Your Child’s Social Language

Filed under: Health & Wellness,News |

Deborah Hoch, MA, CCC-SLP is a speech-language pathologist with a practice in South Huntington.Deborah Hoch

Can your child have a conversation?  Using appropriate language in social situations is key to developing successful friendships and yet this is often challenging for many young children and adolescents.  We, as parents and teachers, often observe behaviors that seem “off” in some way but we’re not sure why.  Some of these might be:

-my child starts talking without introducing a topic or giving frame of reference

-my child talks “at” people and  not with them

-my child never asks questions or makes comments

-my child asks inappropriate questions or makes inappropriate comments

-my child doesn’t answer when someone talks to him/her

-my child has trouble talking to someone about a specific topic and staying on that topic

-my child keeps interrupting

If you notice that your child is doing some of these things it may be making it hard for him/her to have a conversation with someone because the conversations become awkward and uncomfortable. Good news!  You can help teach your child some of these skills right at home!

The most important thing is to help your child understand that you have to think about what the other person might be thinking.   Think about what that person’s perspective might be. This is social  language.  Be a “thinking of you” person and  not a “just me” person!   If your child is talking about a topic, does the other person know what you are talking about?  Was he/she there?  Has  he/she seen that movie, done that activity or been to that place?  You need to ask questions to find out so you know what you need to say!  When the other person responds to you, make an appropriate comment about it so he/she knows that you were listening and are interested. When someone asks you a question, you have to respond before the “window of opportunity” closes. That’s conversation!

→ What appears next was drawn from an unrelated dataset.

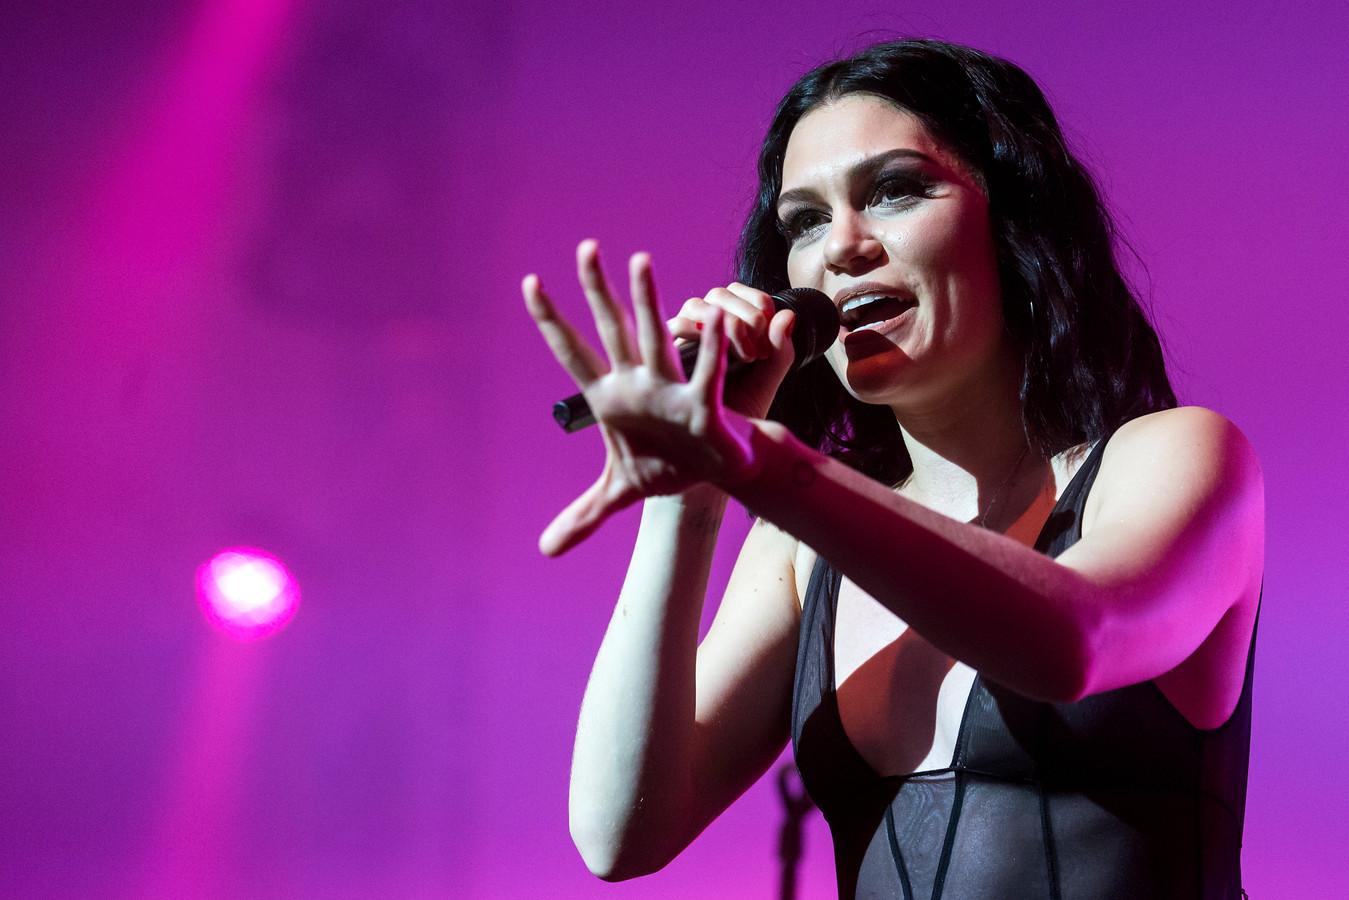 Jessie J en Channing Tatum hebben voor de zoveelste keer een punt achter hun relatie gezet. De zangeres zegt op Instagram dat ze single is.

You can role-play these skills with your child every day while practicing your conversations.  Write down the specific skill that your child is not using and give examples of how it would sound in a conversation using that skill.  It is also helpful if YOU intentionally make errors so your child can become aware of and recognize the behaviors you are trying to improve.  Besides, our children love when we make mistakes and they get the opportunity to correct us!

Some children may have difficulty in conversations because of an underlying language problem that makes it hard for them to understand what it is they need to do when talking with another person.  In this case it would be beneficial to contact a speech-language pathologist to further explore the difficulties they are having.  The pathologist can recommend activities to help your child and provide therapy if it is appropriate.